News of the German surrender reached them on May 8. On the fourteenth of May, the entire Fourth Infantry moved to an area west of Nürnberg in the general vicinity of Ansbach and continued its duties keeping order. Sometime during these next few weeks, my father was taken to a hospital just outside Nürnberg and admitted for battle fatigue. He wrote to Hemingway in July, making light of it, joking about the questions the psychiatrists asked him about his family life and background. What is clear in the letter is that he did take one thing seriously: he was adamant in his resolve to fight any attempt to give him a psychiatric rather than an honorable discharge. He was successful, and the army doctors sent him back to his duties a few weeks later.

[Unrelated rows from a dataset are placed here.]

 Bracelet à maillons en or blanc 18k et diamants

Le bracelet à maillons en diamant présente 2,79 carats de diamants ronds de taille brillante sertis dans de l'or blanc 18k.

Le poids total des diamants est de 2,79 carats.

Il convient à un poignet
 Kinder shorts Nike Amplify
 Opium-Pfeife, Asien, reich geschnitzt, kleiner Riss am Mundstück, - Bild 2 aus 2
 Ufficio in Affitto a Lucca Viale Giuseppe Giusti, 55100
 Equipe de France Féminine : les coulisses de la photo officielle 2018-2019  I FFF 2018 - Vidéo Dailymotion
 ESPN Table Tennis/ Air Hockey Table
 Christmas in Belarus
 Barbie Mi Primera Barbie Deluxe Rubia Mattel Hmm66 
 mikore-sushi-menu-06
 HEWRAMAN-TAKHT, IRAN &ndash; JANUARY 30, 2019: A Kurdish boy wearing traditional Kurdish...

A man should receive a medal of honor, I think, for holding off cracking up until after the war with the Eskimos.22 Sergeant X, too, held off cracking up until the battle was won. At the end of the war, he, like Sergeant Salinger, is newly released from a hospital. He is “a young man who has not come through the war with his faculties intact.” Both sergeants extended their stay after the armistice by signing a six-month civilian contract to help with the de-Nazification of Germany, bringing in suspected Nazis for interrogation and sentencing. Sergeant X is in his room, “and for more than an hour he had been triple-reading paragraphs, and now he was doing it to the sentences.” He opens a book that belonged to a “low-level official in the Nazi Party, but high enough, by Army Regulations standards, to fall into an automatic-arrest category.”
X himself had arrested her. Now, for the third time since he had returned from the hospital that day, he opened the woman’s book and read the brief inscription on the flyleaf. Written in ink, in German, in small, hopelessly sincere handwriting, were the words “Dear God, life is hell.” Nothing led up to or away from it. Alone on the page, and in the sickly stillness of the room, the words appeared to have the stature of an uncontestable, even classic indictment. . . . [X] wrote down under the inscription, in English, “Fathers and teachers, I ponder ‘What is hell?’ I maintain that it is the suffering of being unable to love.” He started to write Dostoevski’s name under the inscription, but saw—with fright that ran through his whole body—that what he had written was almost entirely illegible. He shut the book.
The change in my father’s handwriting in the letters (which I read in the Library of Congress collection) he wrote to friends and family stateside after his release from the hospital at Nürnberg is truly spooky. His handwriting, almost as distinctive and familiar to me as his face, becomes something totally unrecognizable.
Sergeant X’s friend, Corporal Z, who like John Keenan, was his “Jeep partner and constant companion” throughout the war, comes in the room. He notices that X’s face is jumping and twitching. Z tells him that he wrote to his girl back home, a psychology major, and told her that X had had a nervous breakdown.
“You know what she said? She says nobody gets a nervous breakdown just from the war and all. She says you probably were unstable like, your whole goddam life.”
X bridged his hands over his eyes—the light over the bed seemed to be blinding him—and said that Loretta’s insight into things was always a joy.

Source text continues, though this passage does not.